Although interest in the application of large language models (LLMs) in medicine is growing, accuracy evaluations have largely relied on static knowledge tests. However, discussions on clinical reasoning, the process most critical to real-world practice, remain limited. In this study, we propose a novel framework to evaluate not the final diagnosis generated by AI, but the reasoning process itself.

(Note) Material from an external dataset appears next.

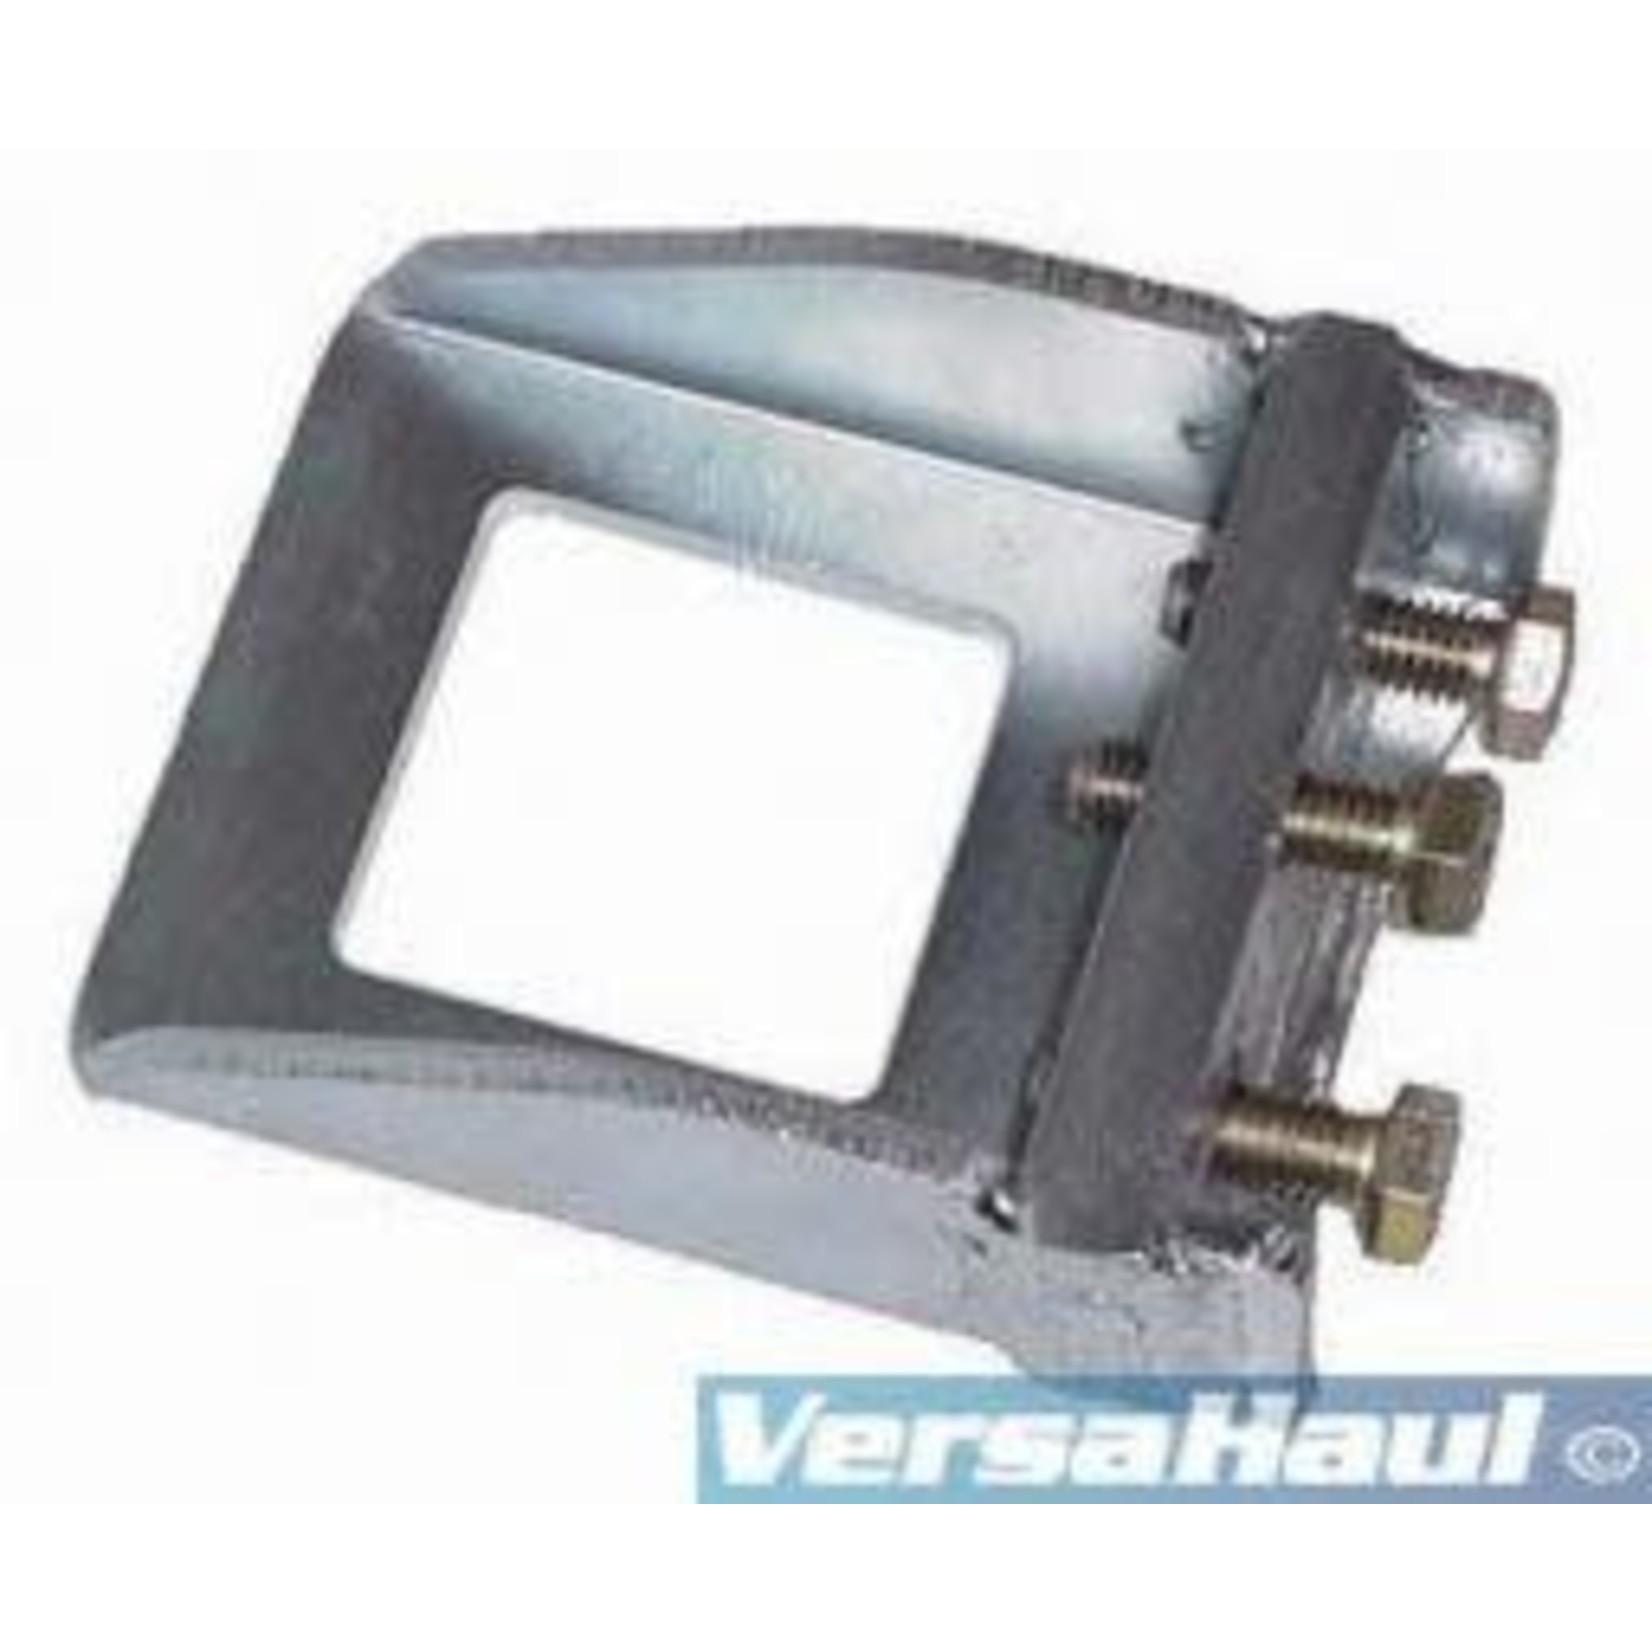 Accessories Versa Haul Anti Tilt Lock Bracket Heavy Duty

This study proposes a novel framework that systematically evaluates the capabilities of LLMs (OpenAI GPT-o3, Gemini 2.5 Pro, DeepSeek-R1, Llxsama4-Marveric) by deconstructing the clinical reasoning process into discrete cognitive steps. We focused on nephrology cases, which often involve multiple organ systems and diverse pathologies, thus requiring a high level of reasoning. The four nephrologists independently evaluated the outputs. Our evaluation of four leading LLMs revealed that while Gemini 2.5 Pro demonstrated the best overall performance, all models exhibited common weaknesses in advanced, synthetic tasks such as “formulating differential diagnoses with rationale” and “treatment planning,” particularly in dynamically changing clinical scenarios. Furthermore, a notable finding of our research is that the highest-performing model was not the most computationally intensive, demonstrating that reasoning quality and computational efficiency are not in a simple trade-off.

In conclusion, our step-by-step evaluation method is an effective approach for identifying the specific strengths and weaknesses in an LLM’s clinical reasoning. The weaknesses identified, particularly in formulating a differential diagnosis with a clear rationale and developing comprehensive treatment plans for dynamic scenarios, should become a primary target for future model development and for the creation of support system.